=== Task input ===
#####

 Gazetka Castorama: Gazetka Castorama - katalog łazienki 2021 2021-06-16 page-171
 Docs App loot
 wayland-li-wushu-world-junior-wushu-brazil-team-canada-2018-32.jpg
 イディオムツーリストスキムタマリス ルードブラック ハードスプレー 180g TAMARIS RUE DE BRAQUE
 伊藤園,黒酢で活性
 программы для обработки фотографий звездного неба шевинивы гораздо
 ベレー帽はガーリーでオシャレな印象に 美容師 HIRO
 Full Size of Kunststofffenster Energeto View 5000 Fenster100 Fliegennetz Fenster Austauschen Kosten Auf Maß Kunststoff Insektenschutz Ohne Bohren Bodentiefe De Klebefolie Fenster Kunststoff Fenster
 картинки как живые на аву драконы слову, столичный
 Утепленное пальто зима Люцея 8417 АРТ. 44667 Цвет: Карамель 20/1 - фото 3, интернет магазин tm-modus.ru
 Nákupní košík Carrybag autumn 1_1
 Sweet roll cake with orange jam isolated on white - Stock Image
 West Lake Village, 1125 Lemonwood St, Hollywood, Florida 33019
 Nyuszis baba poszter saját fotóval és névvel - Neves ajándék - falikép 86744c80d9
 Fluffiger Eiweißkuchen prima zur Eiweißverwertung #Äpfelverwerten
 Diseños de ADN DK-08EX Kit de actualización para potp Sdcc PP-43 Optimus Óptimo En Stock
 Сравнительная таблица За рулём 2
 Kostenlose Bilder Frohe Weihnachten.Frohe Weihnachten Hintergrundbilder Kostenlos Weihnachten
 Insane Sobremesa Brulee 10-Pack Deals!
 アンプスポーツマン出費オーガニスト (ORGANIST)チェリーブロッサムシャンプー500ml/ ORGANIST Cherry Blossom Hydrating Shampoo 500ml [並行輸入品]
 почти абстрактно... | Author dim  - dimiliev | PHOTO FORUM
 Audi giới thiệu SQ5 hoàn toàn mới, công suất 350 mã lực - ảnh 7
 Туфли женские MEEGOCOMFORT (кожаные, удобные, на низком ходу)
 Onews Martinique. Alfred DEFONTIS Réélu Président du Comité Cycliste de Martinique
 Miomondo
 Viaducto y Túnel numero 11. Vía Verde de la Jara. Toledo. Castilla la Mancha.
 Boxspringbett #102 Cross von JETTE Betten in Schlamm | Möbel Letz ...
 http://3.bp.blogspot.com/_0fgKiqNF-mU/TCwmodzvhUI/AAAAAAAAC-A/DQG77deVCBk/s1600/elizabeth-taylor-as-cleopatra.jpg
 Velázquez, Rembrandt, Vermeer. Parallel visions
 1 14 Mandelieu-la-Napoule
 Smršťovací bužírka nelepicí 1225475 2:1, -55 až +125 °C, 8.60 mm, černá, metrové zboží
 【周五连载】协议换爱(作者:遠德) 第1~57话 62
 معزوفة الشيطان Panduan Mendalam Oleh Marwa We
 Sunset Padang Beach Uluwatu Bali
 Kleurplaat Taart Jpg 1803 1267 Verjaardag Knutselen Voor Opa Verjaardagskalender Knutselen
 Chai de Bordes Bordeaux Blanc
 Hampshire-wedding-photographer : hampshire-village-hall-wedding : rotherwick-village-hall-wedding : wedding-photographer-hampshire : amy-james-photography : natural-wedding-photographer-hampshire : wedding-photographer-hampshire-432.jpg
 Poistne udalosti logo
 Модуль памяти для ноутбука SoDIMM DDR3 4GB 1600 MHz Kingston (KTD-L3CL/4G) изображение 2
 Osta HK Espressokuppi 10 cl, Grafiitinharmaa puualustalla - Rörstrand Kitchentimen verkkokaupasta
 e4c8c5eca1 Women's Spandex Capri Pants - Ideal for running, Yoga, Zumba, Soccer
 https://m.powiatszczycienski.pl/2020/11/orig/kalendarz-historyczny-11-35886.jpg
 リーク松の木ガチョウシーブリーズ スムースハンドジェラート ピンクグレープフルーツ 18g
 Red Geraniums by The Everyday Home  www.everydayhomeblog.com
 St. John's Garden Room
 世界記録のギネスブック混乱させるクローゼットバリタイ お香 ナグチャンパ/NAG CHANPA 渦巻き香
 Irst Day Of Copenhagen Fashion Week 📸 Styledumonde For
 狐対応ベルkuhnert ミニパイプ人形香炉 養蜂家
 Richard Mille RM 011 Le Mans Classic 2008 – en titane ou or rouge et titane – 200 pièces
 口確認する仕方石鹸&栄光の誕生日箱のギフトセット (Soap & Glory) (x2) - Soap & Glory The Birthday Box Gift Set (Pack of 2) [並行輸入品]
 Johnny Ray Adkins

#####

=== Assignment ===
In full and word for word, output the material.

=== Solution for this task ===
 Gazetka Castorama: Gazetka Castorama - katalog łazienki 2021 2021-06-16 page-171
 Docs App loot
 wayland-li-wushu-world-junior-wushu-brazil-team-canada-2018-32.jpg
 イディオムツーリストスキムタマリス ルードブラック ハードスプレー 180g TAMARIS RUE DE BRAQUE
 伊藤園,黒酢で活性
 программы для обработки фотографий звездного неба шевинивы гораздо
 ベレー帽はガーリーでオシャレな印象に 美容師 HIRO
 Full Size of Kunststofffenster Energeto View 5000 Fenster100 Fliegennetz Fenster Austauschen Kosten Auf Maß Kunststoff Insektenschutz Ohne Bohren Bodentiefe De Klebefolie Fenster Kunststoff Fenster
 картинки как живые на аву драконы слову, столичный
 Утепленное пальто зима Люцея 8417 АРТ. 44667 Цвет: Карамель 20/1 - фото 3, интернет магазин tm-modus.ru
 Nákupní košík Carrybag autumn 1_1
 Sweet roll cake with orange jam isolated on white - Stock Image
 West Lake Village, 1125 Lemonwood St, Hollywood, Florida 33019
 Nyuszis baba poszter saját fotóval és névvel - Neves ajándék - falikép 86744c80d9
 Fluffiger Eiweißkuchen prima zur Eiweißverwertung #Äpfelverwerten
 Diseños de ADN DK-08EX Kit de actualización para potp Sdcc PP-43 Optimus Óptimo En Stock
 Сравнительная таблица За рулём 2
 Kostenlose Bilder Frohe Weihnachten.Frohe Weihnachten Hintergrundbilder Kostenlos Weihnachten
 Insane Sobremesa Brulee 10-Pack Deals!
 アンプスポーツマン出費オーガニスト (ORGANIST)チェリーブロッサムシャンプー500ml/ ORGANIST Cherry Blossom Hydrating Shampoo 500ml [並行輸入品]
 почти абстрактно... | Author dim  - dimiliev | PHOTO FORUM
 Audi giới thiệu SQ5 hoàn toàn mới, công suất 350 mã lực - ảnh 7
 Туфли женские MEEGOCOMFORT (кожаные, удобные, на низком ходу)
 Onews Martinique. Alfred DEFONTIS Réélu Président du Comité Cycliste de Martinique
 Miomondo
 Viaducto y Túnel numero 11. Vía Verde de la Jara. Toledo. Castilla la Mancha.
 Boxspringbett #102 Cross von JETTE Betten in Schlamm | Möbel Letz ...
 http://3.bp.blogspot.com/_0fgKiqNF-mU/TCwmodzvhUI/AAAAAAAAC-A/DQG77deVCBk/s1600/elizabeth-taylor-as-cleopatra.jpg
 Velázquez, Rembrandt, Vermeer. Parallel visions
 1 14 Mandelieu-la-Napoule
 Smršťovací bužírka nelepicí 1225475 2:1, -55 až +125 °C, 8.60 mm, černá, metrové zboží
 【周五连载】协议换爱(作者:遠德) 第1~57话 62
 معزوفة الشيطان Panduan Mendalam Oleh Marwa We
 Sunset Padang Beach Uluwatu Bali
 Kleurplaat Taart Jpg 1803 1267 Verjaardag Knutselen Voor Opa Verjaardagskalender Knutselen
 Chai de Bordes Bordeaux Blanc
 Hampshire-wedding-photographer : hampshire-village-hall-wedding : rotherwick-village-hall-wedding : wedding-photographer-hampshire : amy-james-photography : natural-wedding-photographer-hampshire : wedding-photographer-hampshire-432.jpg
 Poistne udalosti logo
 Модуль памяти для ноутбука SoDIMM DDR3 4GB 1600 MHz Kingston (KTD-L3CL/4G) изображение 2
 Osta HK Espressokuppi 10 cl, Grafiitinharmaa puualustalla - Rörstrand Kitchentimen verkkokaupasta
 e4c8c5eca1 Women's Spandex Capri Pants - Ideal for running, Yoga, Zumba, Soccer
 https://m.powiatszczycienski.pl/2020/11/orig/kalendarz-historyczny-11-35886.jpg
 リーク松の木ガチョウシーブリーズ スムースハンドジェラート ピンクグレープフルーツ 18g
 Red Geraniums by The Everyday Home  www.everydayhomeblog.com
 St. John's Garden Room
 世界記録のギネスブック混乱させるクローゼットバリタイ お香 ナグチャンパ/NAG CHANPA 渦巻き香
 Irst Day Of Copenhagen Fashion Week 📸 Styledumonde For
 狐対応ベルkuhnert ミニパイプ人形香炉 養蜂家
 Richard Mille RM 011 Le Mans Classic 2008 – en titane ou or rouge et titane – 200 pièces
 口確認する仕方石鹸&栄光の誕生日箱のギフトセット (Soap & Glory) (x2) - Soap & Glory The Birthday Box Gift Set (Pack of 2) [並行輸入品]
 Johnny Ray Adkins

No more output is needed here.